*** Opening of EXERCISE MATERIAL ***

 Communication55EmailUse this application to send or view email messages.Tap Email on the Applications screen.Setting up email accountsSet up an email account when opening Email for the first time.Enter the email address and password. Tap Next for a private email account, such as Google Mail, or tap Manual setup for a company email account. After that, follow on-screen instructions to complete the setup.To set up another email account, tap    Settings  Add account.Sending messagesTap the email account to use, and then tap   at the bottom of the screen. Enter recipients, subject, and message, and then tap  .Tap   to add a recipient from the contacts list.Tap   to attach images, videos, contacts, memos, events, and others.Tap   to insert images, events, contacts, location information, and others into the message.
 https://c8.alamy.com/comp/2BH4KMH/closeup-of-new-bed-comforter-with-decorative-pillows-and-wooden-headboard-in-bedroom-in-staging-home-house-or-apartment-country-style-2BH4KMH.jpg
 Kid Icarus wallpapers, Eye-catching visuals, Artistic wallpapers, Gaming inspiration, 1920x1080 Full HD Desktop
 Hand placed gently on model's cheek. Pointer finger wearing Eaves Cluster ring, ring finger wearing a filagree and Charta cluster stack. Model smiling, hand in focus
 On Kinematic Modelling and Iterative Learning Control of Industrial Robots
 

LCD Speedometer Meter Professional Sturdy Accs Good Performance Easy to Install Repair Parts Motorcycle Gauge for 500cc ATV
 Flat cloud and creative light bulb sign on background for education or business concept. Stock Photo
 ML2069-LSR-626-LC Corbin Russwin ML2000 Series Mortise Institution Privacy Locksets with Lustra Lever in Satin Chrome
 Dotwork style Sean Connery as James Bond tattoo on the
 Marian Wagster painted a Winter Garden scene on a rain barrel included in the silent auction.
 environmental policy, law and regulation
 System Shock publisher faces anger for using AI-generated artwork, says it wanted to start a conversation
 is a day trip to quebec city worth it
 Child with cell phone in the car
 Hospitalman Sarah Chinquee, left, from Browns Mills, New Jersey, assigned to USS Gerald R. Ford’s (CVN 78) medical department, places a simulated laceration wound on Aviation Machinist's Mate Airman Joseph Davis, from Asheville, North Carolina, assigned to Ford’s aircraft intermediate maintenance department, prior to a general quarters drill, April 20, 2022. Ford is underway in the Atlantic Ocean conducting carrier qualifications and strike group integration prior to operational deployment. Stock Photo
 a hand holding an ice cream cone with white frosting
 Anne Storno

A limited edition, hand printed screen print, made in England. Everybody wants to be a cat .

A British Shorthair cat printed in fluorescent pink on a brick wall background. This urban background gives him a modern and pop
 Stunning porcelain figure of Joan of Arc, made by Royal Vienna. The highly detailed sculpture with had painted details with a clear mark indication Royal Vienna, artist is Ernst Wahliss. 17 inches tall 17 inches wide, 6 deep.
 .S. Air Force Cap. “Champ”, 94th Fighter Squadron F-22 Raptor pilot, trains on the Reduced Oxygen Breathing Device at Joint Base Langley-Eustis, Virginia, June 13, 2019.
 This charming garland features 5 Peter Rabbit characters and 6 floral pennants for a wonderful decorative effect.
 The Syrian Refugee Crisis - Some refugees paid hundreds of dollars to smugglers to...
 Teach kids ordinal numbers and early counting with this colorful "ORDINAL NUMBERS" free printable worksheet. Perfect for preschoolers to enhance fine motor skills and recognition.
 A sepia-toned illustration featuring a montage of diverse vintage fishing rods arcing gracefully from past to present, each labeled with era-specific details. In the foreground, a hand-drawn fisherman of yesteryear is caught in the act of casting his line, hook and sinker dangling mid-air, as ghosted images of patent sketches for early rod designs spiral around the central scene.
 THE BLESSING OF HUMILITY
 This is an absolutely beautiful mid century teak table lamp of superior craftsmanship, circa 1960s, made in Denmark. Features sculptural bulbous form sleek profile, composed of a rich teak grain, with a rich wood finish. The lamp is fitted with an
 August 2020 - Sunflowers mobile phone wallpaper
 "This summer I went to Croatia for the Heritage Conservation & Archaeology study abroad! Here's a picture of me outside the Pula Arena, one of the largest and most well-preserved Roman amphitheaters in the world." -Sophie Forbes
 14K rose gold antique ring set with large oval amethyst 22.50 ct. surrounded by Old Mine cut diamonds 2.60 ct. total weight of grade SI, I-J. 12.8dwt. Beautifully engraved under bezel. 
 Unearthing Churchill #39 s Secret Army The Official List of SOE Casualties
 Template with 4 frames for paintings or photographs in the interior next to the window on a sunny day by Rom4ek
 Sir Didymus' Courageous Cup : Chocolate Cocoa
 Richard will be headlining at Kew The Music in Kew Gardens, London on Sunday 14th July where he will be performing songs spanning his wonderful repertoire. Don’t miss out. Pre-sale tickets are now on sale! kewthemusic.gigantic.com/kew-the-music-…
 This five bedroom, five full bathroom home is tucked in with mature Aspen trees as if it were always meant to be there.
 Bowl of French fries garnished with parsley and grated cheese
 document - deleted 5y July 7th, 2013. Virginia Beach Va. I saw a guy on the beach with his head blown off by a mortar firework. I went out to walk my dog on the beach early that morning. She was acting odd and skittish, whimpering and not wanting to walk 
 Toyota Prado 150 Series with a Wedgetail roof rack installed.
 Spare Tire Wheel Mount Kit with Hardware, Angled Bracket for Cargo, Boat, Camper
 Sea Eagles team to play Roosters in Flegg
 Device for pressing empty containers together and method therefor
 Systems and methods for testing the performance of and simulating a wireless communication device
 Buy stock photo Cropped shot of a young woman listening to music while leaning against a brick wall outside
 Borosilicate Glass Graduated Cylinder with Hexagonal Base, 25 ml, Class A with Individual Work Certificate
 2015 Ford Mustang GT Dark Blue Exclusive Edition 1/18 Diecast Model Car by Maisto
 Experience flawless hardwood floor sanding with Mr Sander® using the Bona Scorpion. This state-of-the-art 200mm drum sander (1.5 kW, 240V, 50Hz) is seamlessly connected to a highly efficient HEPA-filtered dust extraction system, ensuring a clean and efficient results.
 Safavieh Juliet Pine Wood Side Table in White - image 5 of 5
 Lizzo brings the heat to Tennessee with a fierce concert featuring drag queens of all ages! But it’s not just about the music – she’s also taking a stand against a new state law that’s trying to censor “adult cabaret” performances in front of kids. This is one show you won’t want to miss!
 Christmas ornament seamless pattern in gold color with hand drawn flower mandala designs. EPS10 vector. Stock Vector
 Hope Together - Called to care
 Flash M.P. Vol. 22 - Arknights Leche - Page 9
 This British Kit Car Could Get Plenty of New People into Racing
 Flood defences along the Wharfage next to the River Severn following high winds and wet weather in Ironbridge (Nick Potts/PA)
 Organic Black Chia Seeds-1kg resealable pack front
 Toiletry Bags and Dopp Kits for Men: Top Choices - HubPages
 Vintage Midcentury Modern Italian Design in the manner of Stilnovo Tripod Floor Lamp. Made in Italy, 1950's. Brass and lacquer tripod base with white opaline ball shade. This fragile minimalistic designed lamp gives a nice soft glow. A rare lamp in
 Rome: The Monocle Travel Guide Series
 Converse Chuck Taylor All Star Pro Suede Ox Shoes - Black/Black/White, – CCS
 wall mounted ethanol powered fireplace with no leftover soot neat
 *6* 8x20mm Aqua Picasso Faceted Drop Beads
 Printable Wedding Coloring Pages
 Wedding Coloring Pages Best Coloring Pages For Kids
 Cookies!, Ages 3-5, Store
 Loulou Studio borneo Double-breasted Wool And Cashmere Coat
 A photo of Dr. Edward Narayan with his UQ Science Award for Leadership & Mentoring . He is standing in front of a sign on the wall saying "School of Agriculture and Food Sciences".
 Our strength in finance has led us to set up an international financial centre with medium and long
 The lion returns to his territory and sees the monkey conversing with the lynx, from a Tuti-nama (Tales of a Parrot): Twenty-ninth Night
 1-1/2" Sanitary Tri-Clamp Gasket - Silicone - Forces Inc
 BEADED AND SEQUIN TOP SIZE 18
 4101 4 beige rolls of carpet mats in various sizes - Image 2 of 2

*** Close of EXERCISE MATERIAL ***

Could you restate word for word the lines above, from the one that contains "Loulou Studio borneo" through the one that contains "BEADED AND SEQUIN TOP SIZE 18", and no others?

▸ EXERCISE SOLUTION:
 Loulou Studio borneo Double-breasted Wool And Cashmere Coat
 A photo of Dr. Edward Narayan with his UQ Science Award for Leadership & Mentoring . He is standing in front of a sign on the wall saying "School of Agriculture and Food Sciences".
 Our strength in finance has led us to set up an international financial centre with medium and long
 The lion returns to his territory and sees the monkey conversing with the lynx, from a Tuti-nama (Tales of a Parrot): Twenty-ninth Night
 1-1/2" Sanitary Tri-Clamp Gasket - Silicone - Forces Inc
 BEADED AND SEQUIN TOP SIZE 18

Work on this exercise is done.